*** Block opens ***

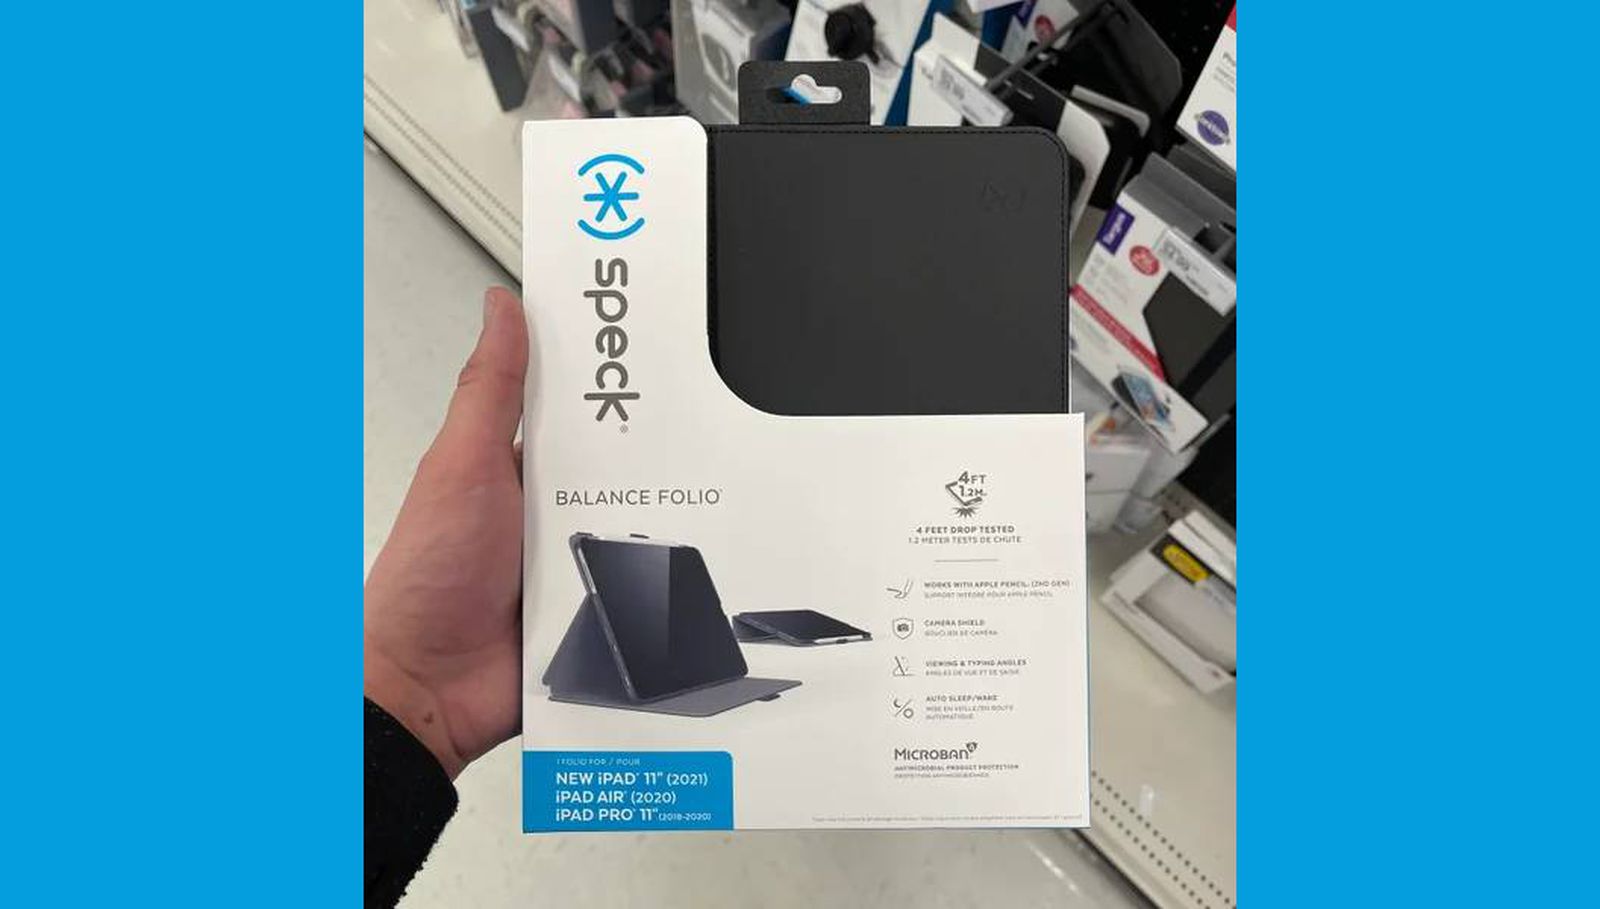 2021 iPad Pro case found at Target as rumors swirl over upcoming refreshment
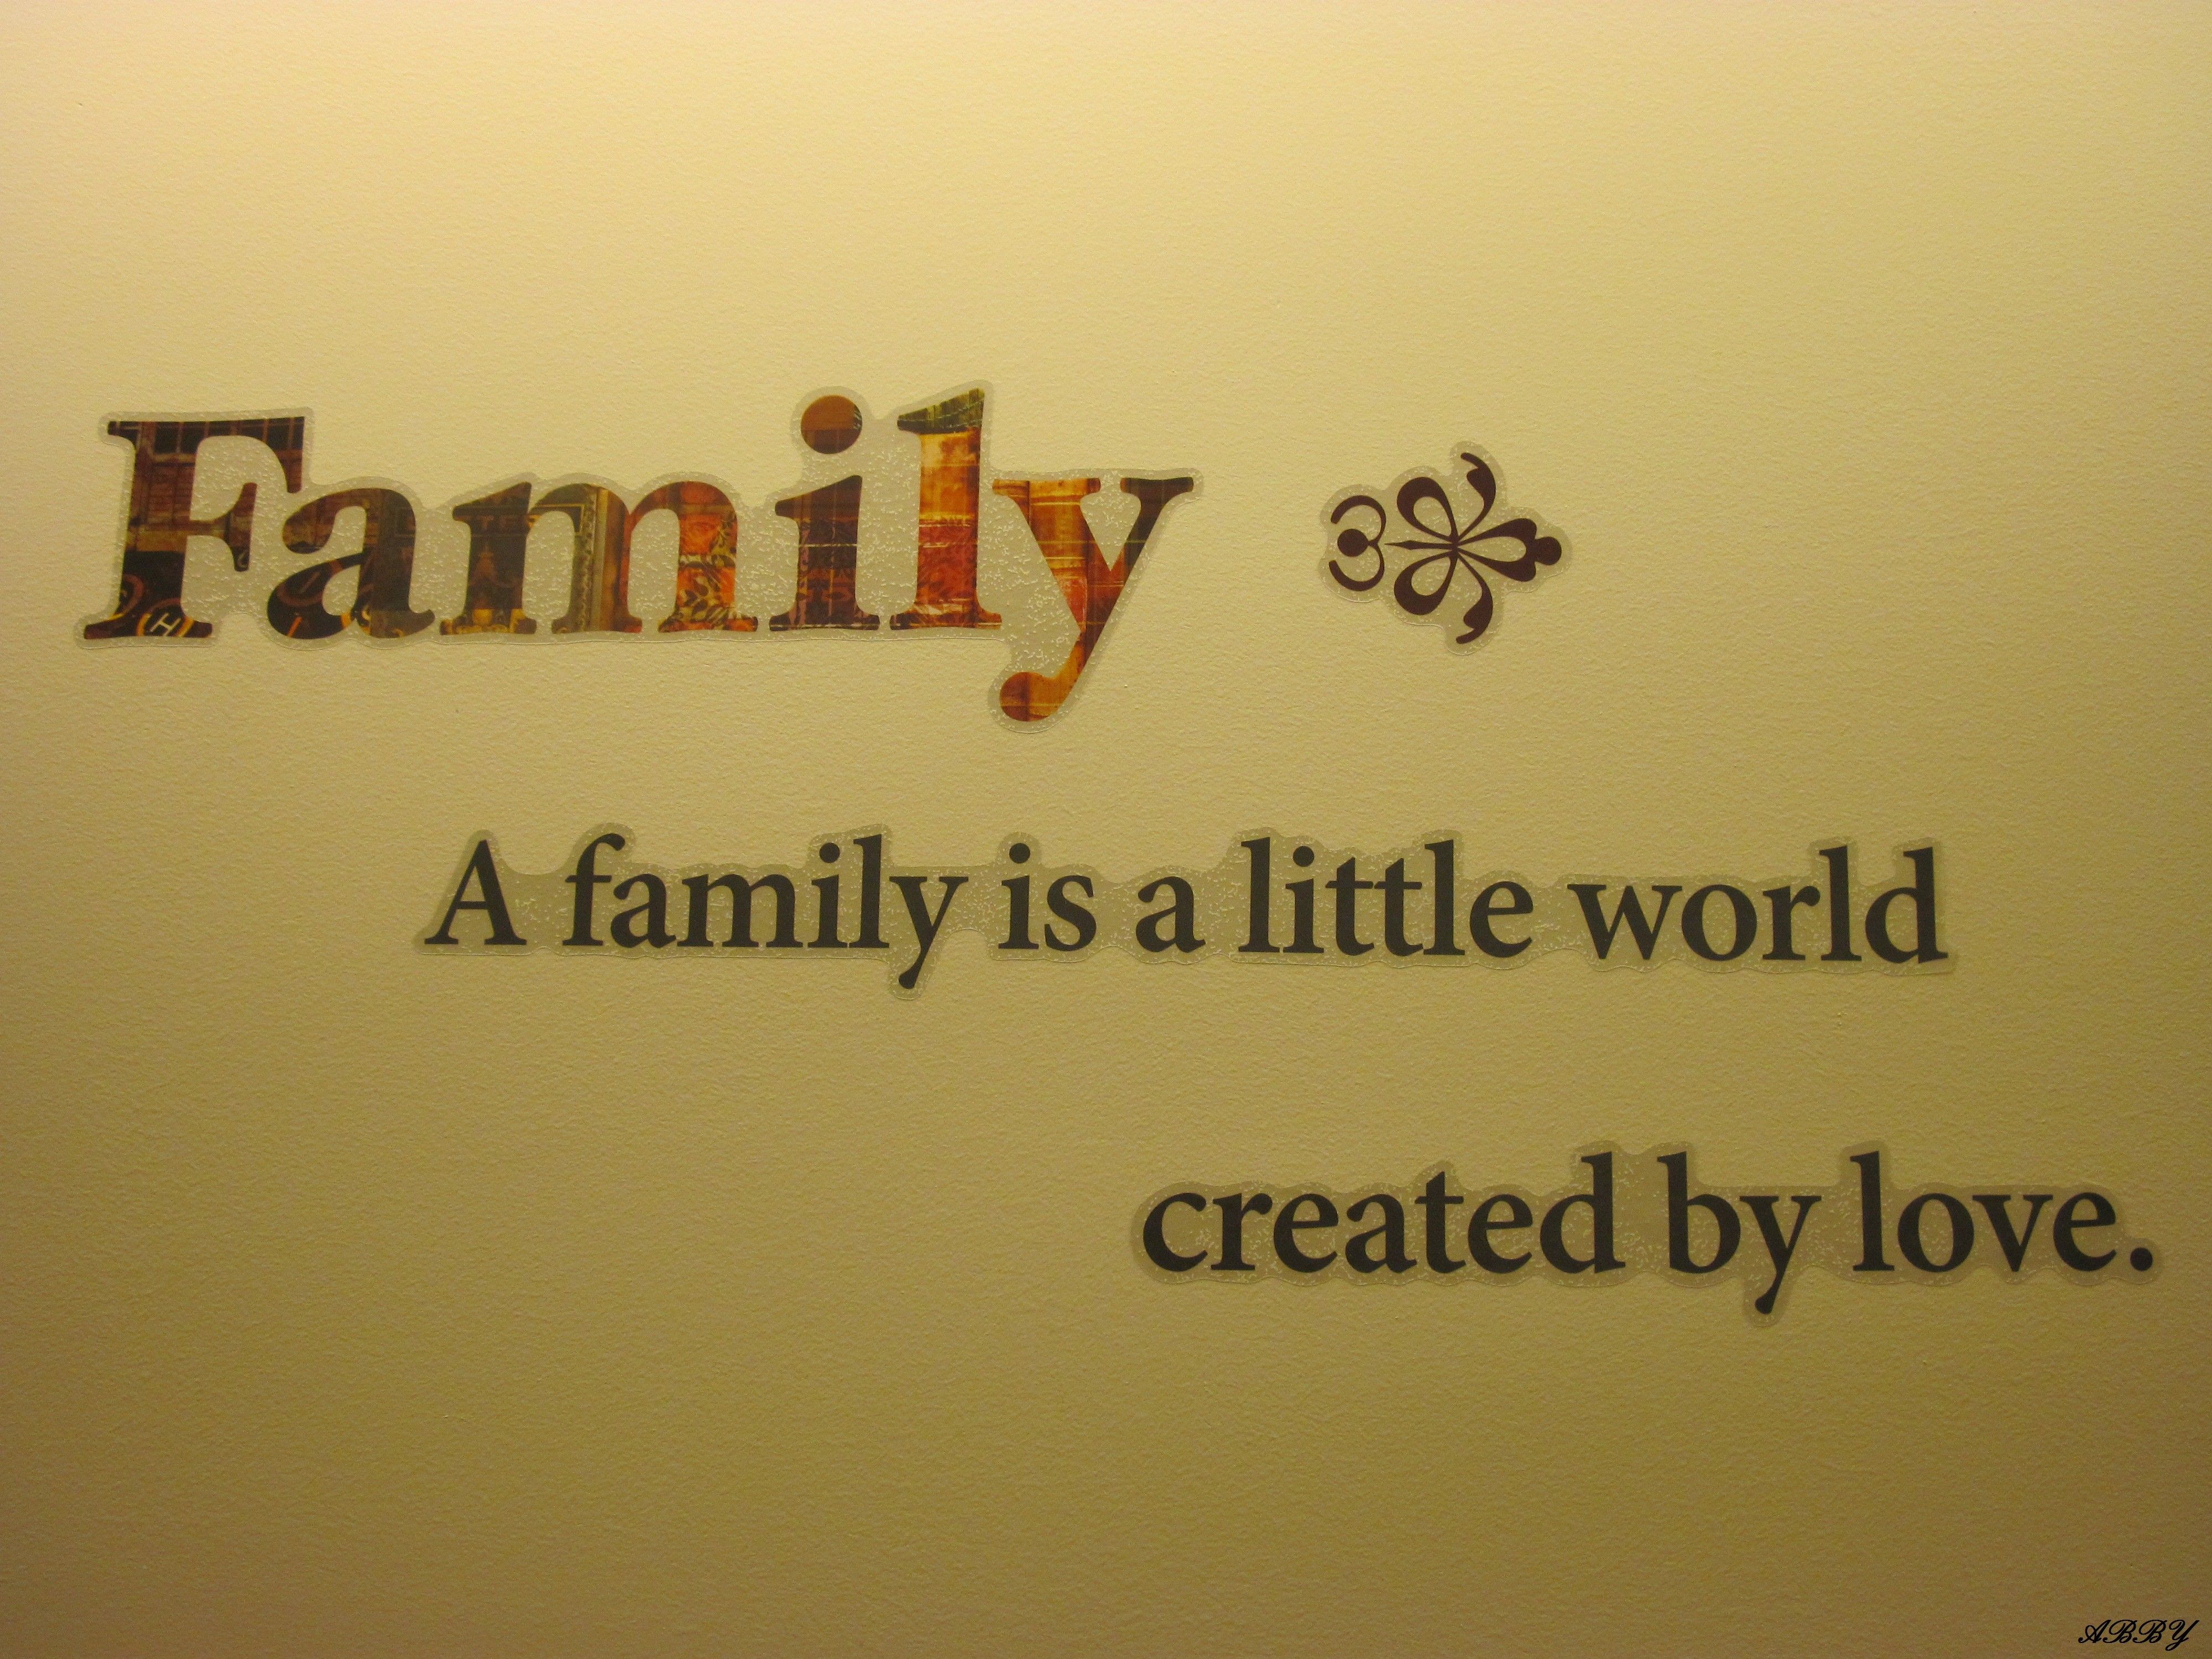 Family with love wallpaper. PC
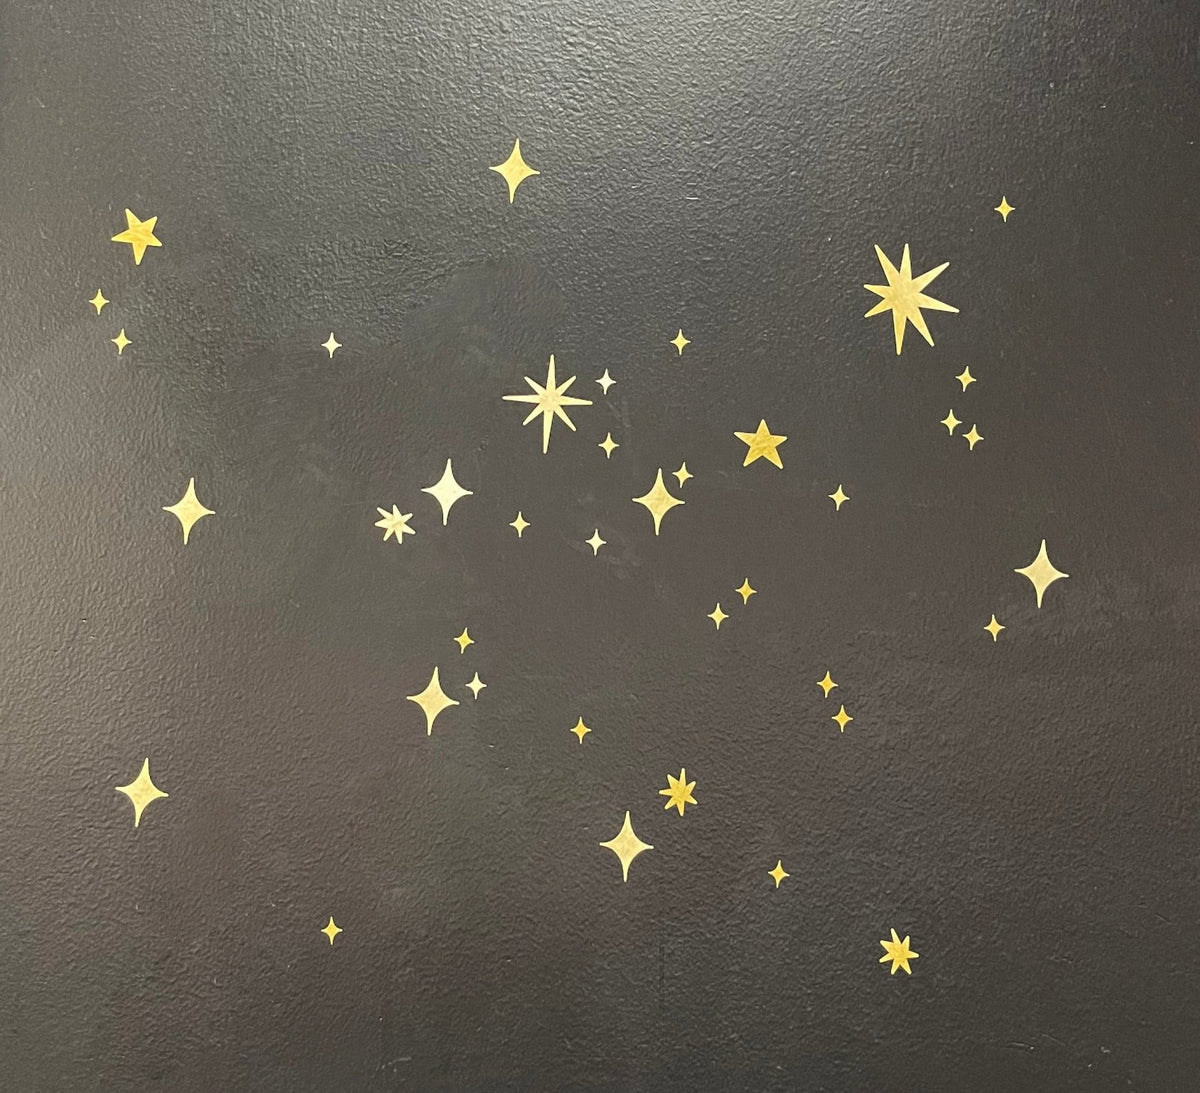 Gold Twinkly Stars stickers of various sizes scattered randomly on a dark gray background, creating a magical scene decor. (Cover-Alls)

*** Block closes ***

§ **EXERCISE**: Pictures aside, please output the whole listing exactly as it appears above.

§ **THE COMPLETED TASK**:
 2021 iPad Pro case found at Target as rumors swirl over upcoming refreshment
 Family with love wallpaper. PC
 Gold Twinkly Stars stickers of various sizes scattered randomly on a dark gray background, creating a magical scene decor. (Cover-Alls)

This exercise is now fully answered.